With the water so high on the Daily, plus the holiday crowds, I had a good time last few days boating the 2 sections below the "daily" and both are great for SUP, IK or family boating w young kids as there are no rapids. Went from the highway bridge boat ramp about 15-16 miles by raft w friends in about 5 hour float time to potash. This section was very scenic w birds, several arches and the vertical desert varnish covered walls below the portal with an option to pull out about 4 miles earlier at the Gold Bar campground beach. Today, I went from "take out beach" down to Granstaff campground, about a 6 mile trip, perfect for a half day SUP trip. I saw a bighorm sheep about half way down, just hanging out watching me watch him, too cool! There is no really good takeout till you go 3 more miles down to the bridge, so I just found a small trail up the embankment. Some people go SUP from take out or sandy beach to the beach located 1/2 mile below Hals Campground as another option. Fun to get on some other sections that do not see many people w the water high. Hope this might help others looking for some easy sections to SUP.


----------



## cataraftgirl (Jun 5, 2009)

Update on the Moab daily.
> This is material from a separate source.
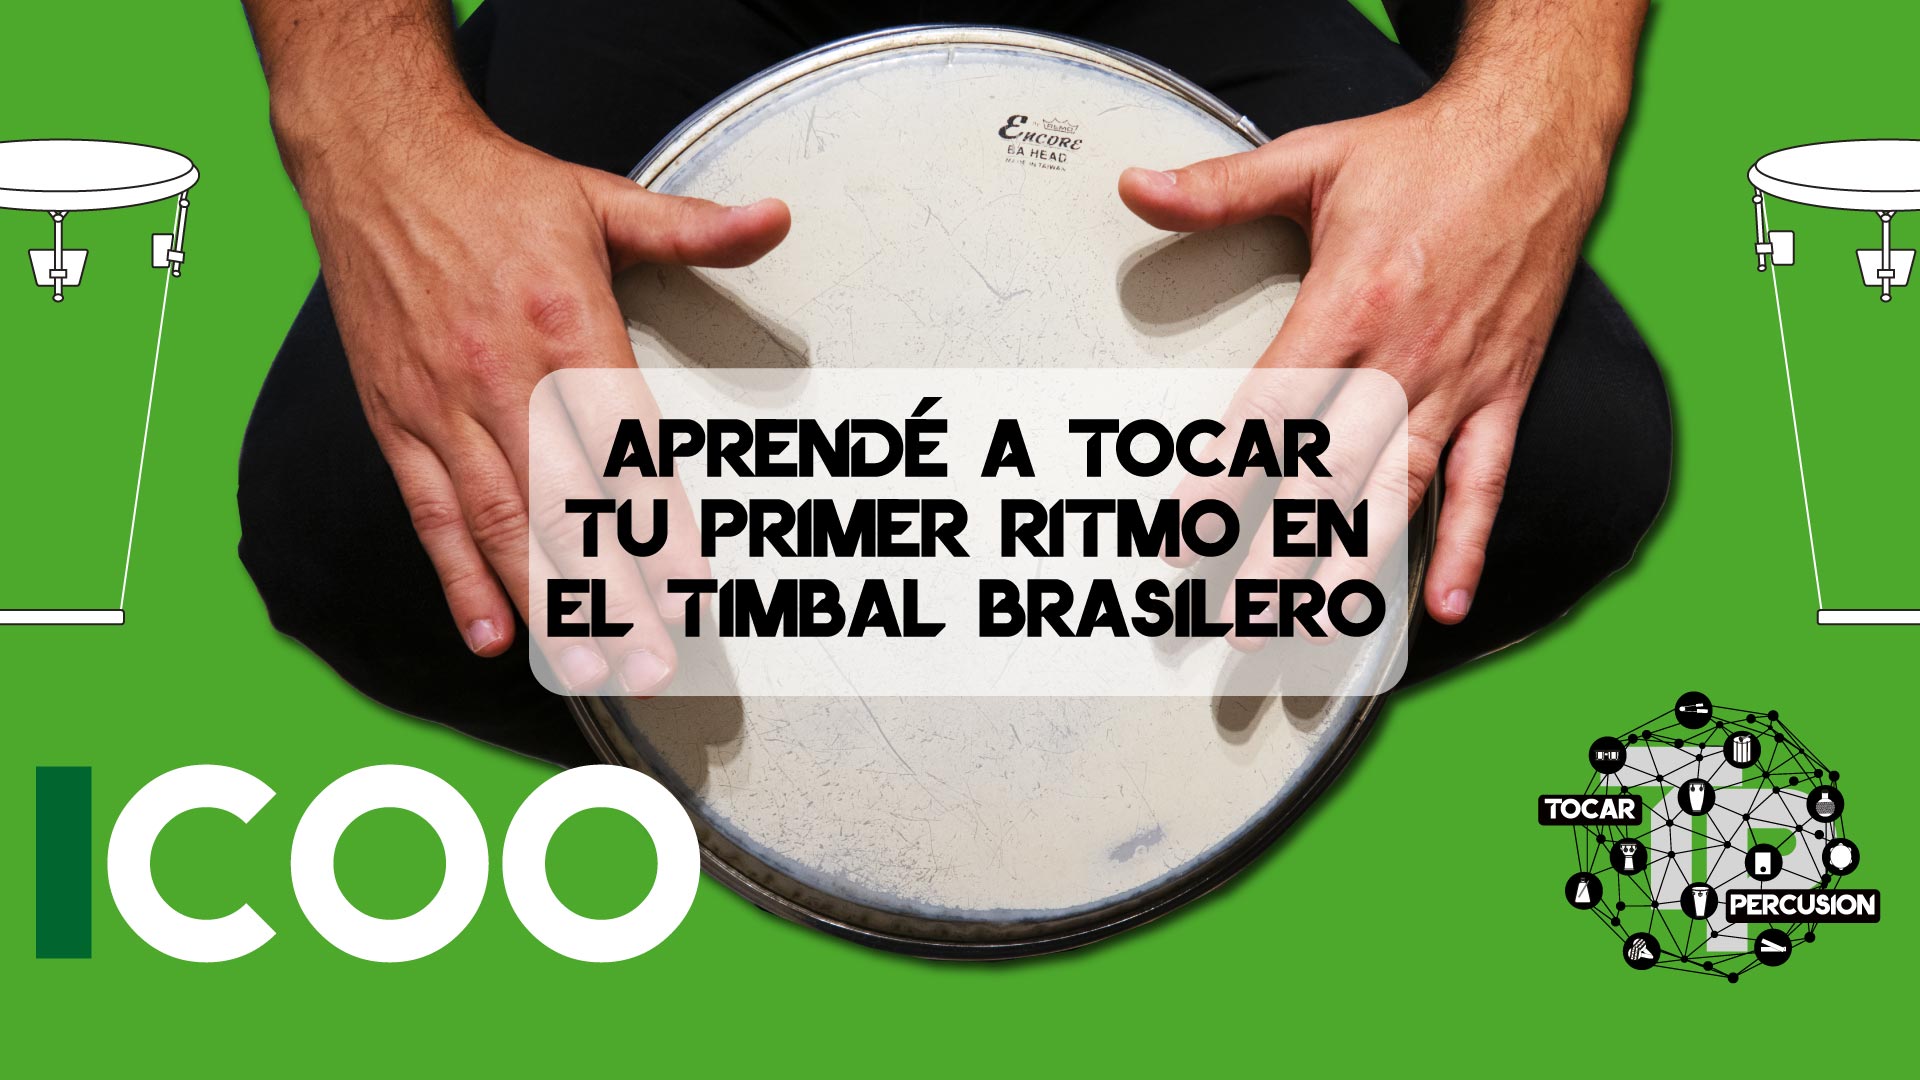 Tocar-Percusion-Curso-Gratis-Aprende-a-tocar-tu-primer-ritmo-en-el-timbal-brasilero-ES-1.jpg

Our group did a Dewey Bridge to Takeout beach overnighter this past weekend. Camped at Onion Creek. Flow was 25000ish. Pretty straight forward stuff, but slightly larger wave trains. White's was a snooze unless you ran far right for some action. The eddy on the left at New (aka Cloudburst, aka Orchard) was strong & swirley. Best not to venture into it if possible, but fairly easy to exit at the bottom of it as the river curves to the right. Pretty Dang Hot, with a 5:30am wake-up call thunder storm complete with lightning and thunder. Very busy at the take-out. Fun times were had by all.


----------